Экономно улыбаясь, Никита Ваганов сказал:
– Думаю, товарищ Ганин, что ваш очерк наделает еще много шума!
Это было заурядным пророчеством: зазвенел телефон, Яков Борисович Неверов снял трубку и засветился, как светлячок в беспросветной ночи. Он хмыкнул в трубку восторженно, и только поэтому можно было понять, что звонит ответственный секретарь Виктория Бубенцова. Неверов осторожно положил трубку на рычаг.
– Боренька, Бубенцова сообщает о многочисленных откликах населения на твой от-черк!
– Так-то! – сказал вспотевший от радости Борис Ганин.
Ему был дорог очерк об Александре Марковиче Шерстобитове, очерк на самом деле отличный, кроме того, Борису Ганину нужно было доказать наконец-то, что он умеет писать не только разгромные лихие статьи.
Что касается Никиты Ваганова, то он тоже был доволен: и тем, что его пророчество волшебно сбылось, и тем, что очерк об Александре Марковиче Шерстобитове, наделав много шуму, получив широкий отклик, разъярит пуще Пермитина, доведет его до белого каления, заставит в конечном счете окончательно раскрыться. Александр Маркович Шерстобитов ненавистен Пермитину уже тем, что окончил Лесотехническую академию, что не встречал директора комбината хлебом-солью, что при нем Пермитин боялся говорить на профессиональные темы. Кроме того, Пермитин не был уж таким кромешным дураком, чтобы не понять: статья «Былая слава» и очерк «Директор» начали подпиливать ножки его рабочего кресла.

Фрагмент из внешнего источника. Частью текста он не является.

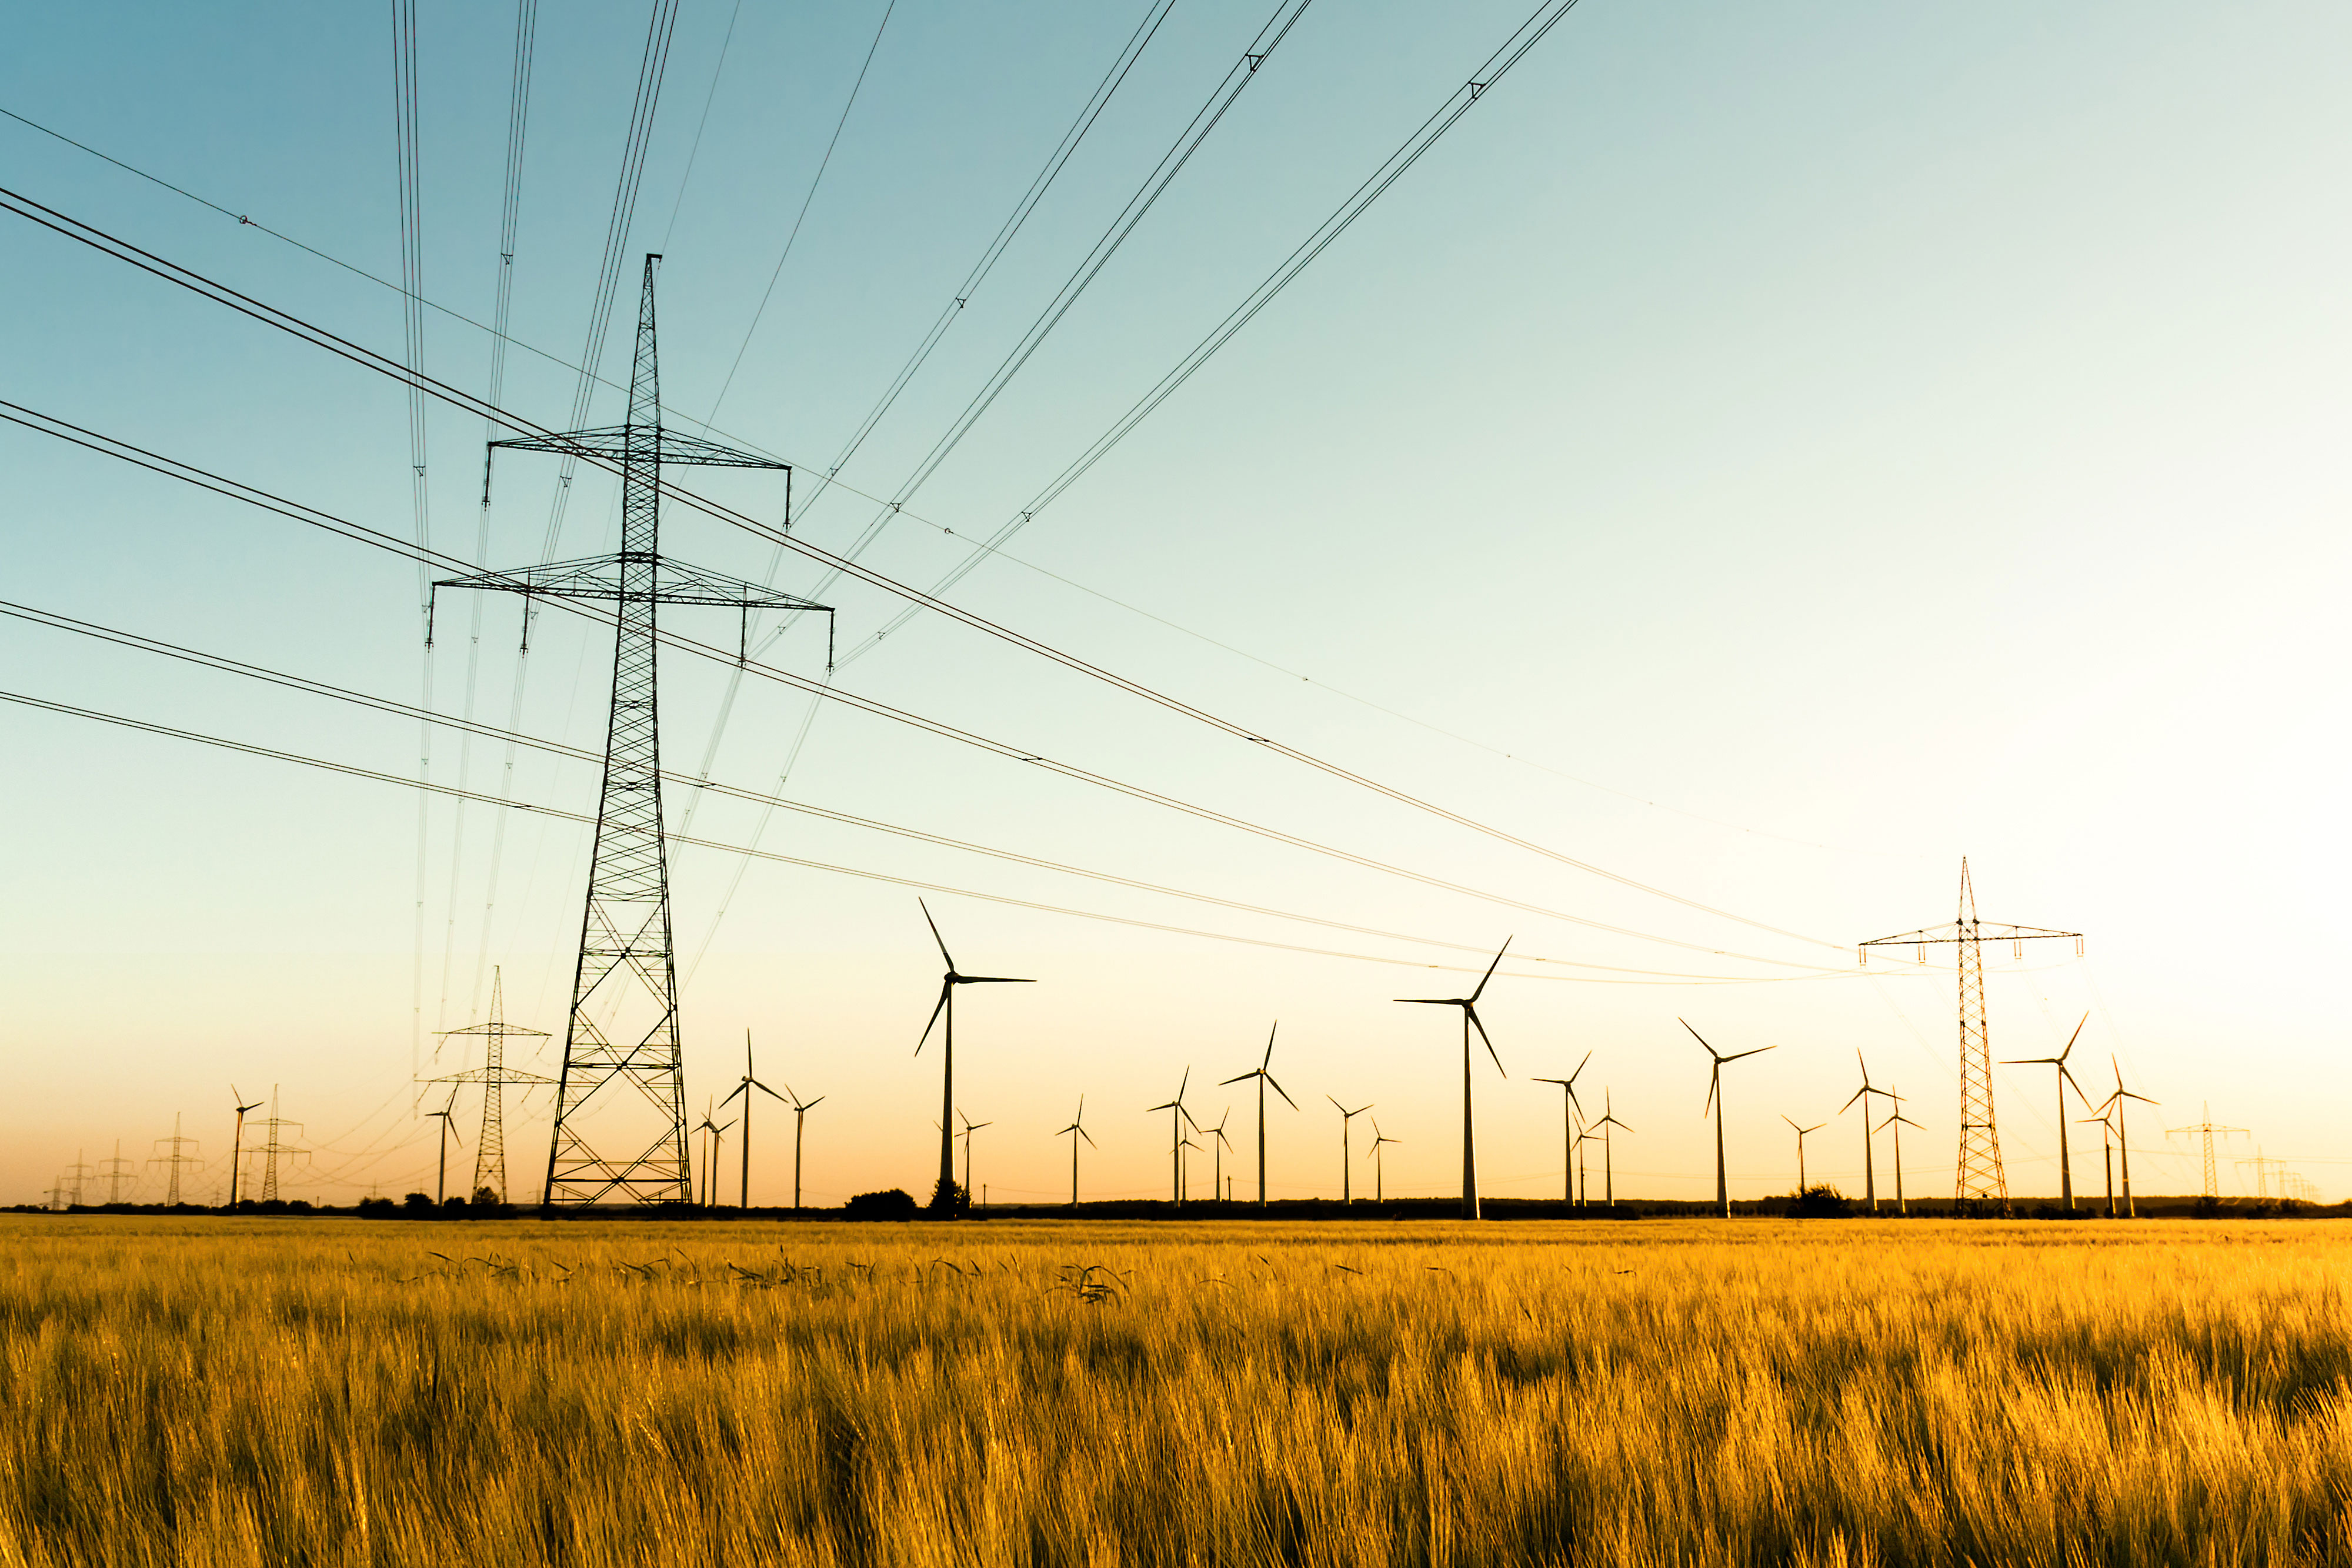 Strommasten, Kornfeld und Windräder im herbstlichen Gegenlicht

– Ну вот! – сказал Никита Ваганов. – Вызываю духов, табуретки превращаю в пирожное безе. Где аплодисменты? Ах, аплодисментов нет. Оревуар, что значит: «Не горюй, Никита, люди в массе своей неблагодарны». Боря, с вас – выпивка.
Непьющий Никита Ваганов, проповедующий трезвость Никита Ваганов неожиданно напьется, когда будут «обмывать» ганинский очерк о Шерстобитове; они напьются втроем – два Бориса и он, и эта пьянка временно поссорит Никиту Ваганова с Борисом Ганиным и Борисом Гришковым – с этим на самое короткое время.
Одним словом, сейчас в промышленном отделе благословенной газеты «Знамя» назревала радостная пьянка.
– Только всячески призываю к разумности и умолчанию, – сказал Никита Ваганов. – Буэнос ночас, что значит: «Бубенцова не дремлет!»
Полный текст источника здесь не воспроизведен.